Copper ionophores, like resveratrol, have been studied for their therapeutic potential in various diseases, including cancer. These ionophores can modulate intracellular copper levels and have shown promise in cancer treatment by inducing cell death in cancer cells through mechanisms like cuproptosis.
It sounds like you have a tough time, reading your past posts.
Such treatments that work in mice may make you sick or not work, as they are very early in the trials. I would suggest discussing this with your oncologist to see if he or she thinks you have othe roptions that are more promising. Self treating in this way can be dangerous related to the treatment and the time spent using this, is something else might have worked better.

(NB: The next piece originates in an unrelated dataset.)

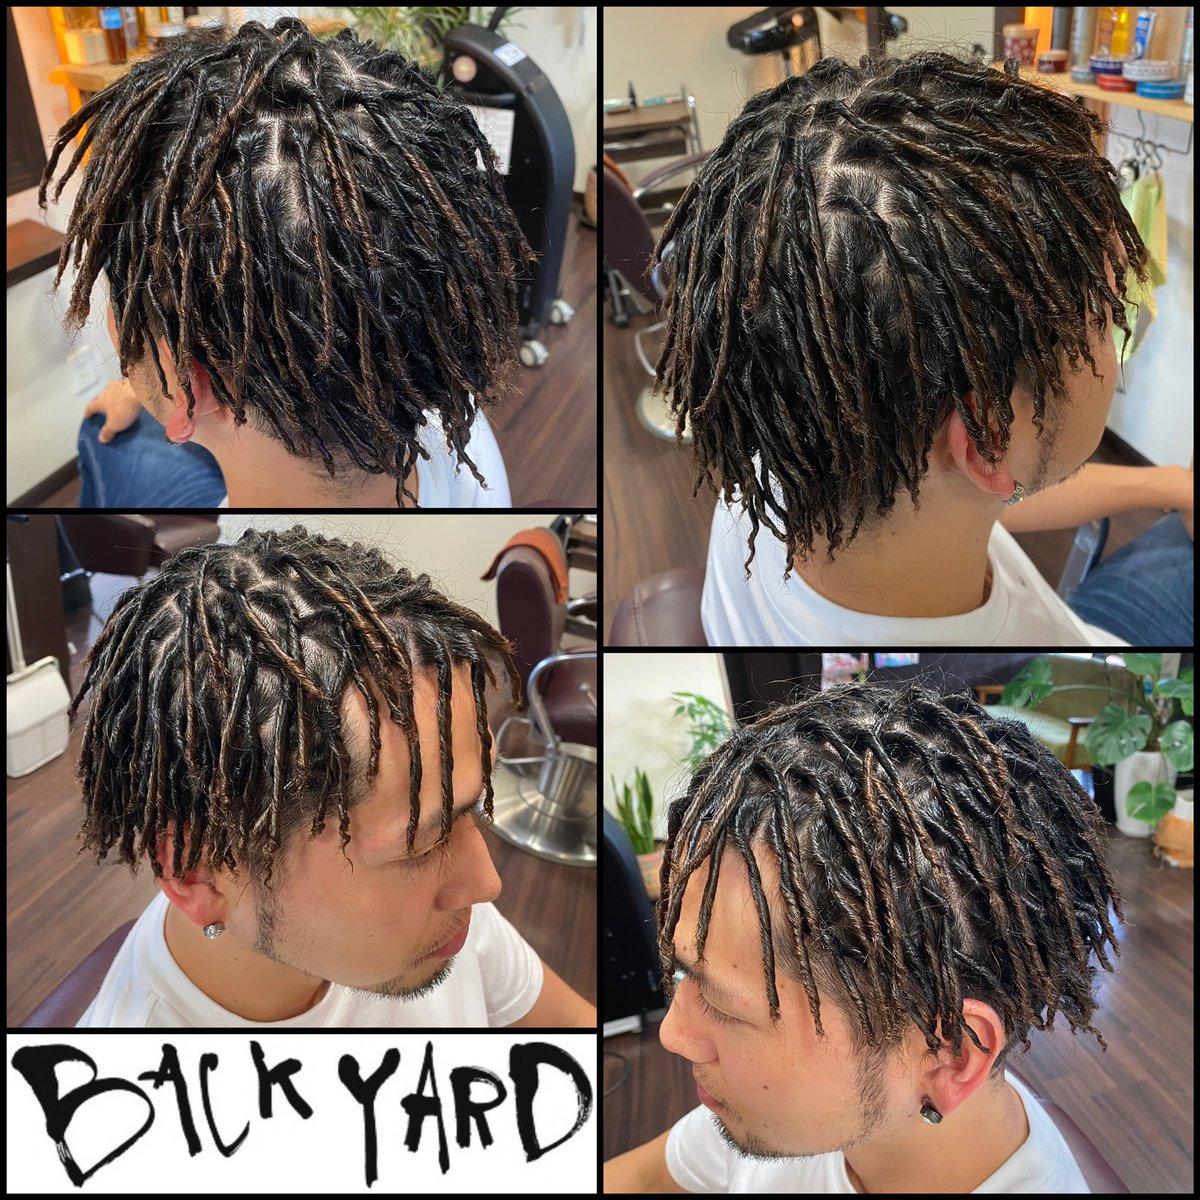 ツイスト。 #hair #hairstyle #twist #twistdreads #hiphopfashion #streetfashion #barber #barberstyle #ヘア #ヘアスタイル #ツイストパーマ #ツイストドレッド #特殊ヘア #特殊パーマ #群馬 #太田市 #ヘアサロン #バーバー #backyard #理容師 #美容師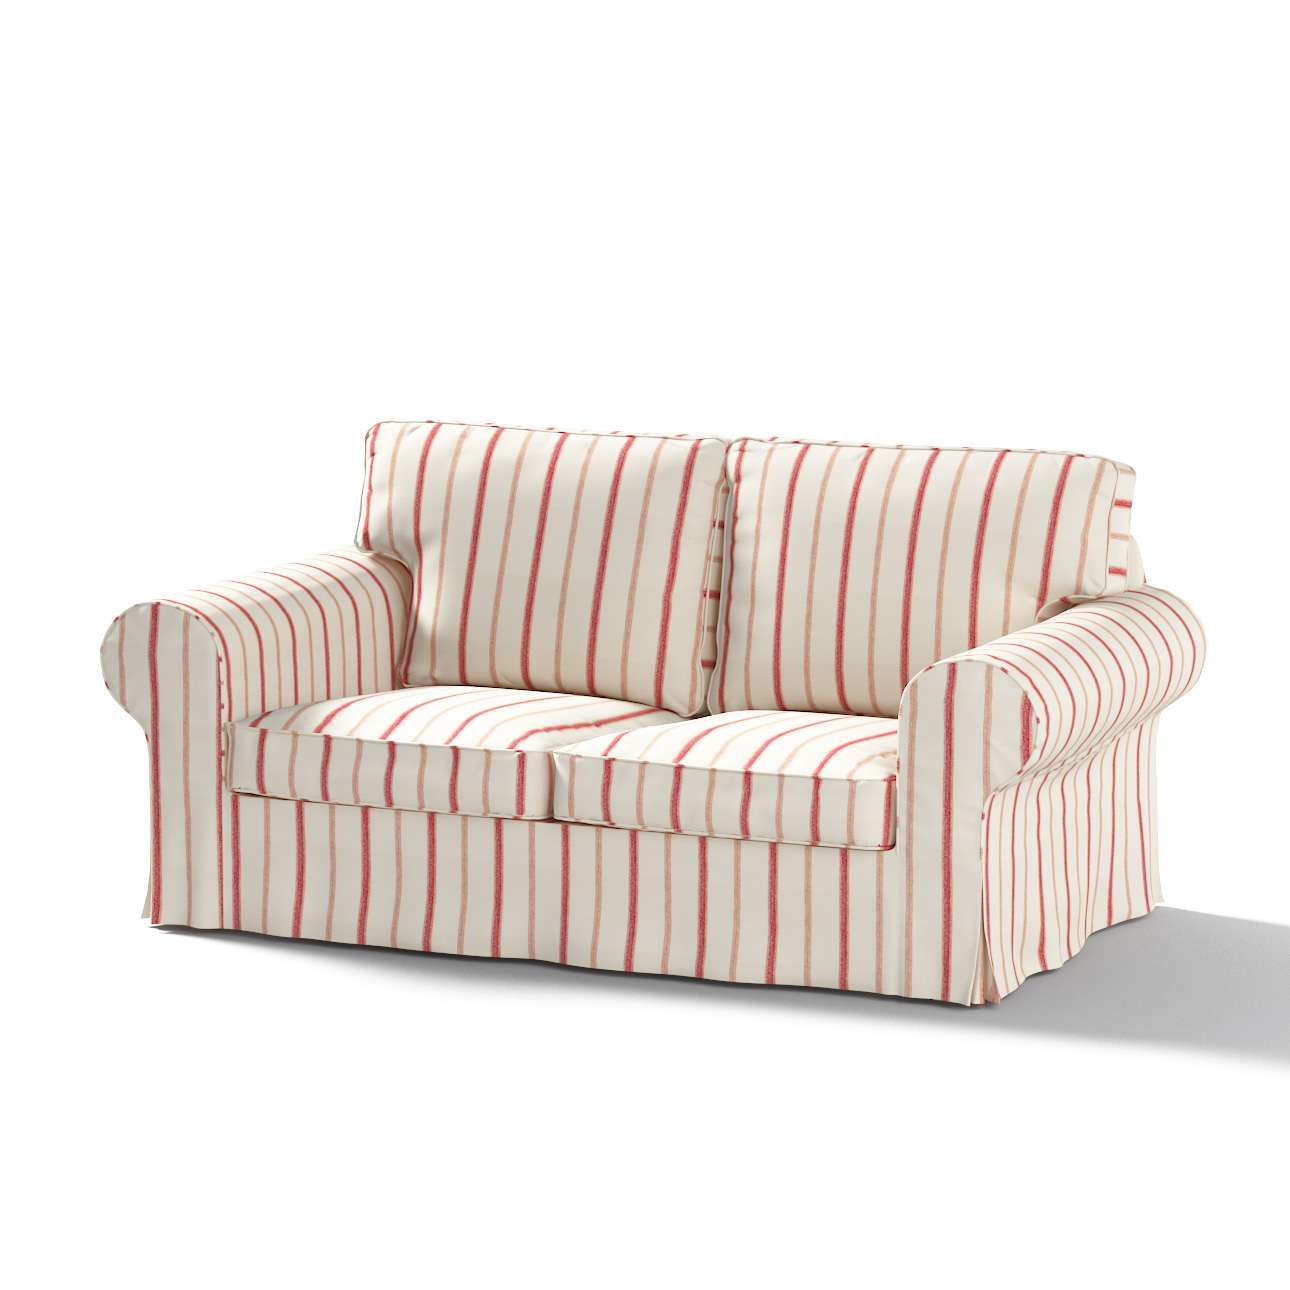 Pokrowiec na sofę Ektorp 2-osobową, rozkładaną, model do 2012 w kolekcji Avinon, tkanina: 129-15

I take many supplements myself, adjunct to my oncologist's recommended main treatment. I do my research on treatments and then discusses the pros and cons with my doctor.
Interesting studies, but I would still be keen to see some more focus on the dosage and in particular, coppers role in tumour growth as it does seem to play an important role in that aspects of cancer growth.
I have not checked Copper level. Zinc and Copper levels go in opposite direction. High Zinc level reduces Copper level and vice versa. There are two different mechanisms ..whereby copper slows cancer cell growth..One..as medline described above..called cuproptosis..meaning actively killing cancer cells by copper getting inside cancer cells.. if taken with Resveretrol (Copper Ionophore) But the mechanism ..Tata cancer Institute scientists cited in paper is ...Tiny pieces of Chromatin ..after breaking up from dying cancer cells circulate in blood and starts lodging in different sites such as bone, lymph nodes etc. Causing new Mets. Copper+ Resveratrol is supposed to remove these tiny pieces of Chromatin and thus slow new met formation. I fear taking more than 2 mg of Copper per day.. so I stick with 2 mg tabs.